The run time of BFS is O(b^d)
b is the branching factor d is the depth(# of level) of the graph from starting node.
I googled for awhile, but I still dont see anyone mention how they figure out this "b"
So I know branching factor means the "# of child that each node has"
Eg, branching factor for a binary Tree is 2.
so for a BFS graph , is that b= average all the branching factor of each node in our graph.
or b = MAX( among all branch factor of each node) ?
Also, no matter which way we pick the b, still seeming ambiguous to approach our run time. For example , if our graph has 30000 nodes, only 5 nodes has 10000 branching, and all the rest 29955 nodes just have 10 branching. and we have the depth setup to be 100.
Seems O(b^d) is not making sense at this case.

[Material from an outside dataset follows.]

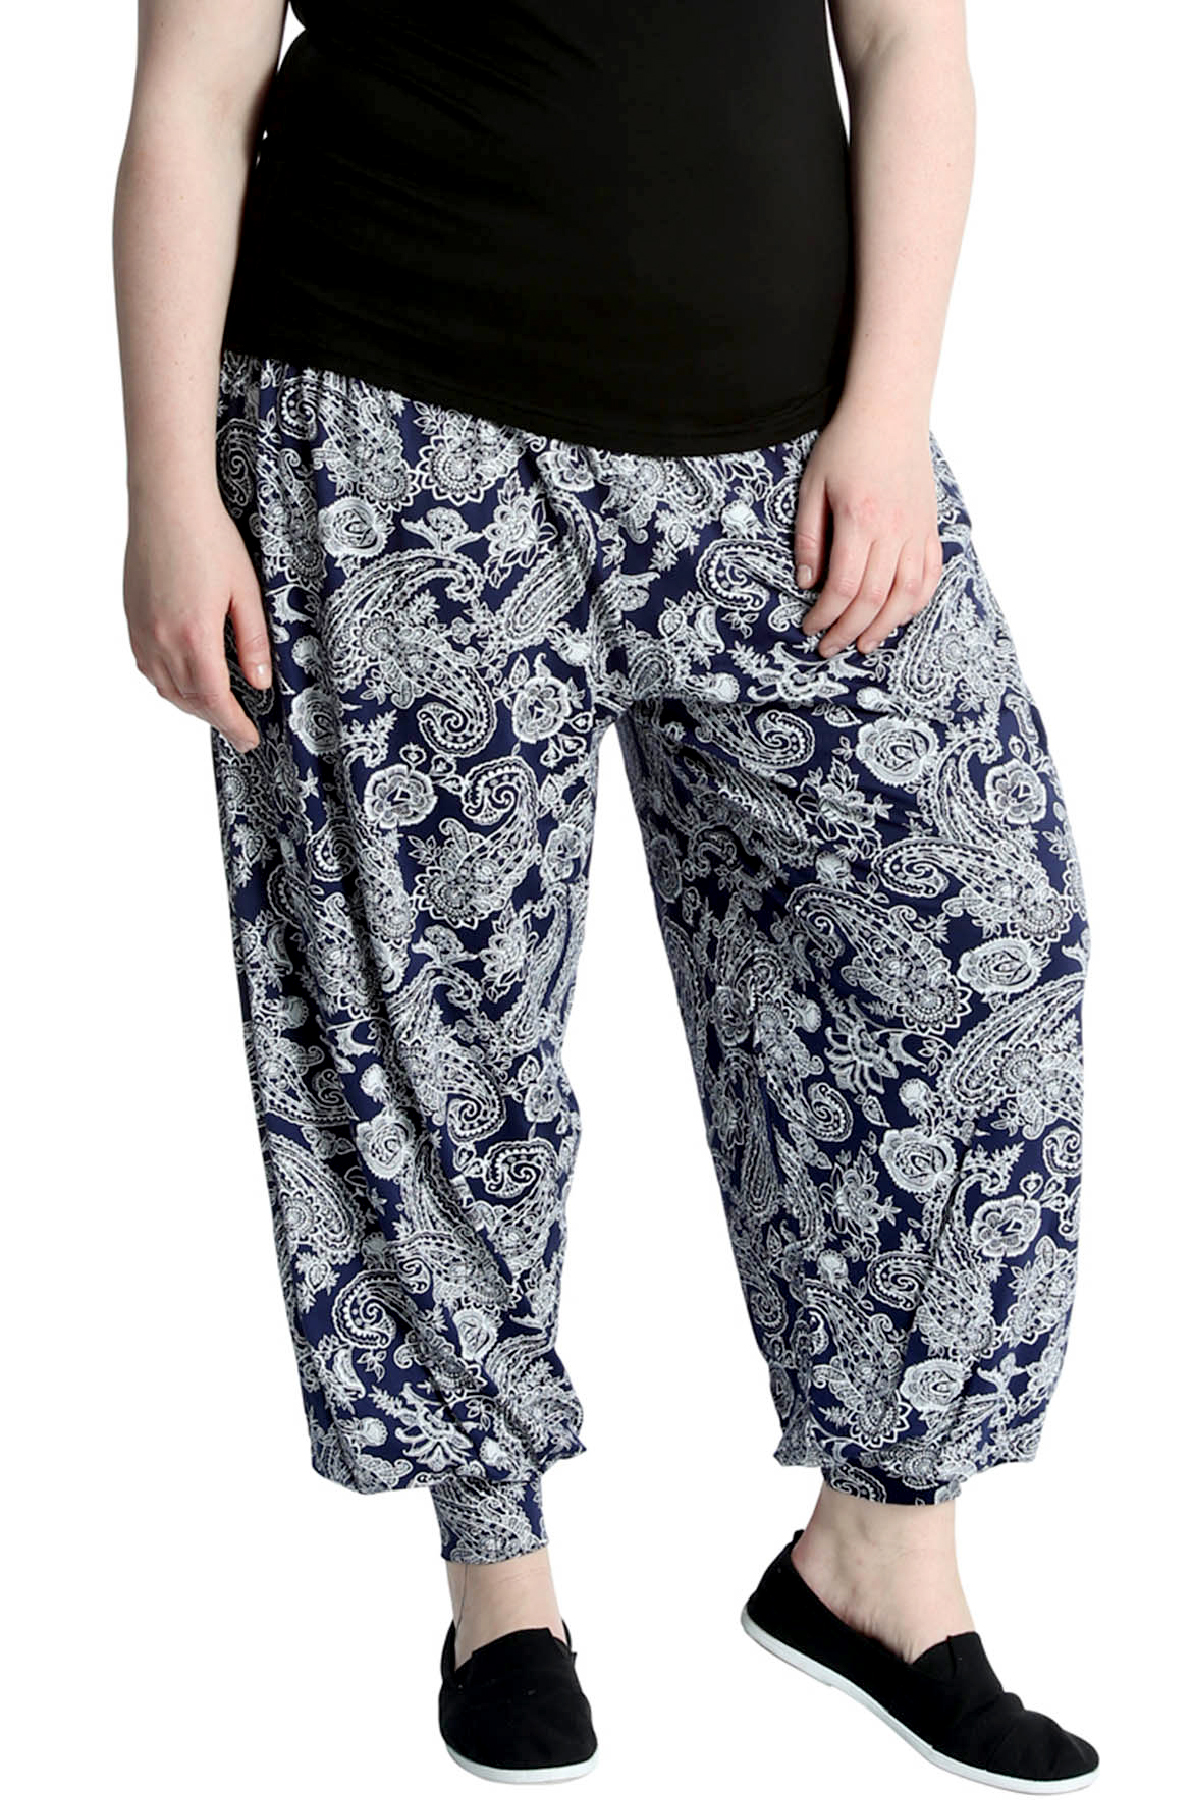 61af79e92d4 Details about New Womens Paisley Print Plus Size Ladies Harem Ali Baba  Trouser Cuffed Nouvelle

Can someone explain a little bit. Thankyou!
The runtime that is more often quoted is that BFS is O(m + n) where m is the number of edges and n the number of nodes. This is because each vertex is processed once and each edge at most twice.
I think O(b^d) is used when using BFS on, say, brute-forcing a game of chess, where each position had a relatively constant branching factor and your engine needs to search a certain number of positions deep. For example, b is about 35 for chess and Deep Blue had a search depth of 6-8 (going up to 20).
In such cases, because the graph is relatively acyclic, b^d is roughly the same as m + n (they are equal for trees). O(b^d) is more useful as b is fixed and d is something you control.